My question is "why?:"

aa[0]
array([[405, 162, 414, 0,
        array([list([1, 9, 2]), 18, (405, 18, 207), 64, 'Universal'],
      dtype=object),
        0, 0, 0]], dtype=object)

aaa
array([[405, 162, 414, 0,
        array([list([1, 9, 2]), 18, (405, 18, 207), 64, 'Universal'],
      dtype=object),
        0, 0, 0]], dtype=object)

np.array_equal(aaa,aa[0])
False

Those arrays are completly identical.

My minimal example doesn't reproduce this:

be=np.array([1],dtype=object)

be
array([1], dtype=object)

ce=np.array([1],dtype=object)

ce
array([1], dtype=object)

np.array_equal(be,ce)
True

Nor does this one:

ce=np.array([np.array([1]),'5'],dtype=object)

be=np.array([np.array([1]),'5'],dtype=object)

np.array_equal(be,ce)
True

However, to reproduce my problem try this:

be=np.array([[405, 162, 414, 0, np.array([list([1, 9, 2]), 18, (405, 18, 207), 64, 'Universal'],dtype=object),0, 0, 0]], dtype=object)

ce=np.array([[405, 162, 414, 0, np.array([list([1, 9, 2]), 18, (405, 18, 207), 64, 'Universal'],dtype=object),0, 0, 0]], dtype=object)

np.array_equal(be,ce)
False

np.array_equal(be[0],ce[0])
False

And I have no idea why those are not equal. And to add the bonus question, how do I compare them?

I need an efficient way to check if aaa is in the stack aa.

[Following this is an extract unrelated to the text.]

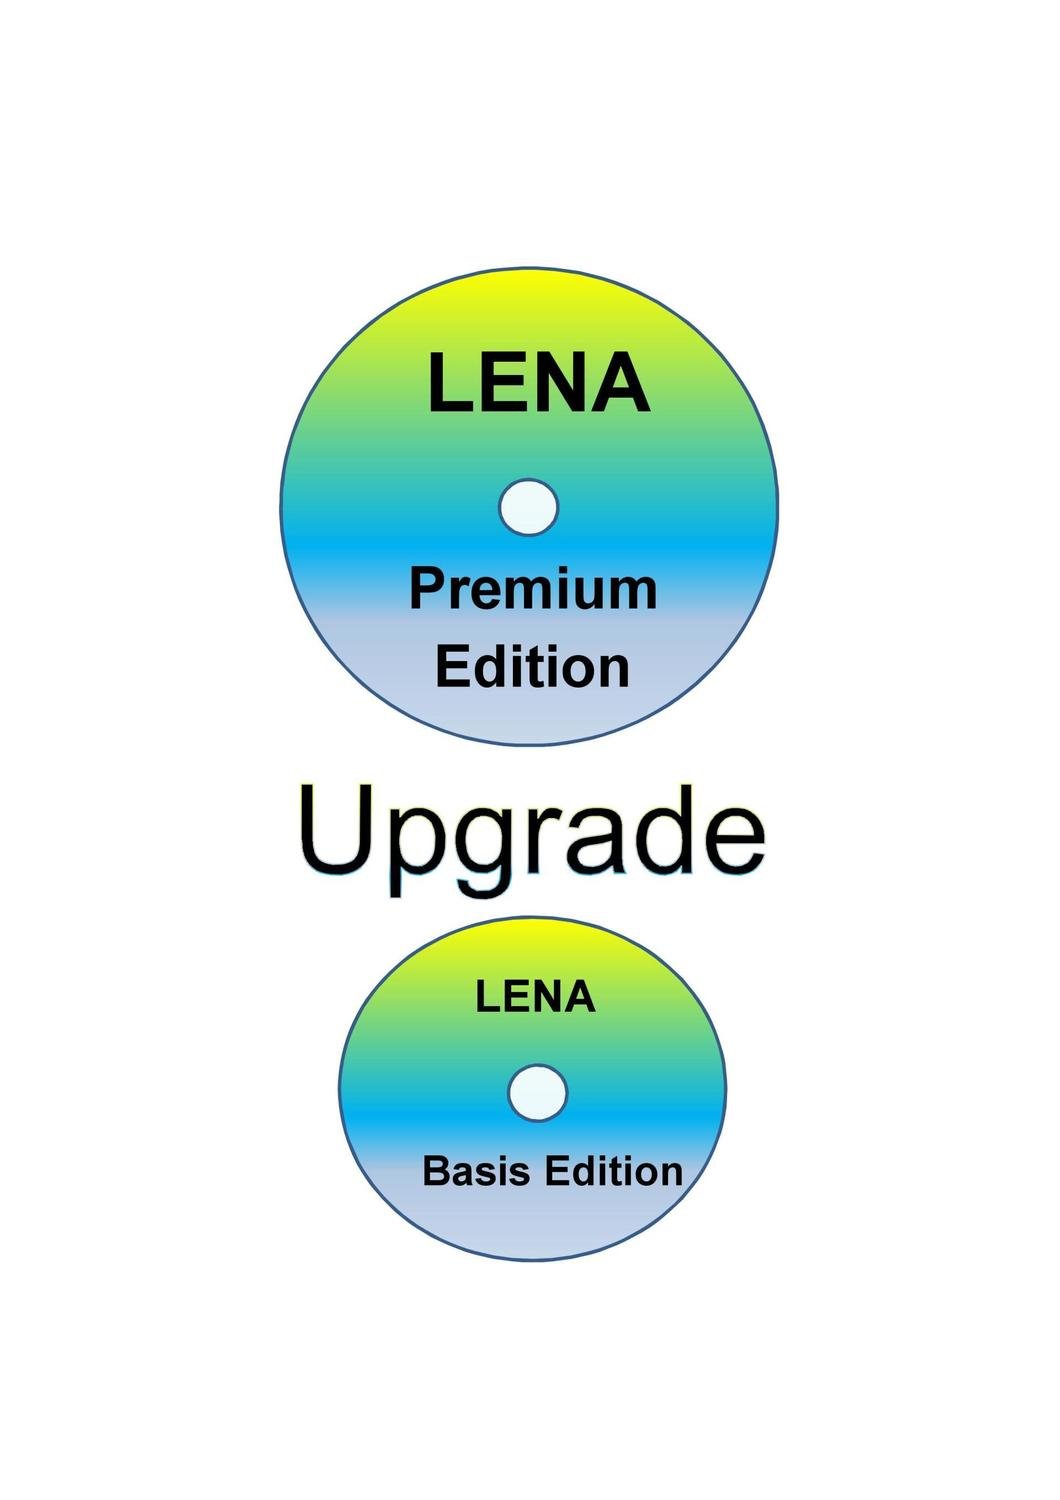 LENA Upgrade von der Basis Edition zur Premium Edition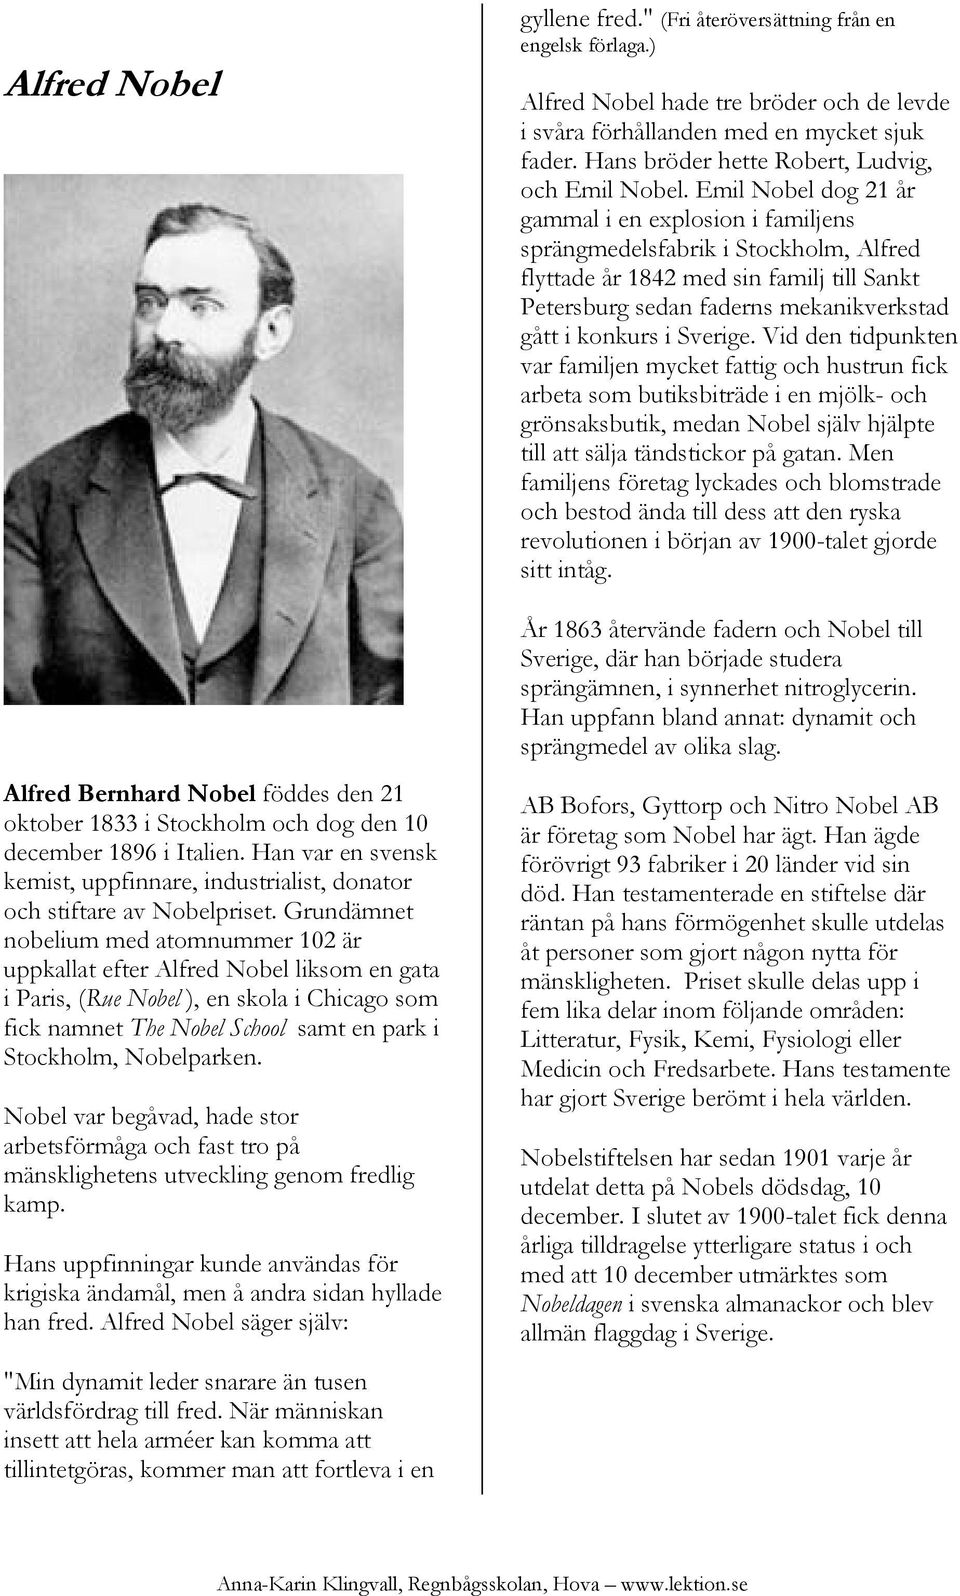 Emil Nobel dog 21 år gammal i en explosion i familjens sprängmedelsfabrik i Stockholm, Alfred flyttade år 1842 med sin familj till Sankt Petersburg sedan faderns mekanikverkstad gått i konkurs i

I'm not using aaa in aa because of DeprecationWarning: elementwise == comparison failed; this will raise an error in the future. and because it still returns False if anyone is wondering.

What else have I tried?:

np.equal(be,ce)
*** ValueError: The truth value of an array with more than one element is ambiguous. Use a.any() or a.all()

np.all(be,ce)
*** TypeError: only integer scalar arrays can be converted to a scalar index

all(be,ce)
*** TypeError: all() takes exactly one argument (2 given)

all(be==ce)
*** TypeError: 'bool' object is not iterable

np.where(be==ce)
(array([], dtype=int64),)

And these, which I can't get to run in the console, all evaluate to False, some giving the deprecation warning:

import numpy as np

ce=np.array([[405, 162, 414, 0, np.array([list([1, 9, 2]), 18, (405, 18, 207), 64, 'Universal'],dtype=object),0, 0, 0]], dtype=object)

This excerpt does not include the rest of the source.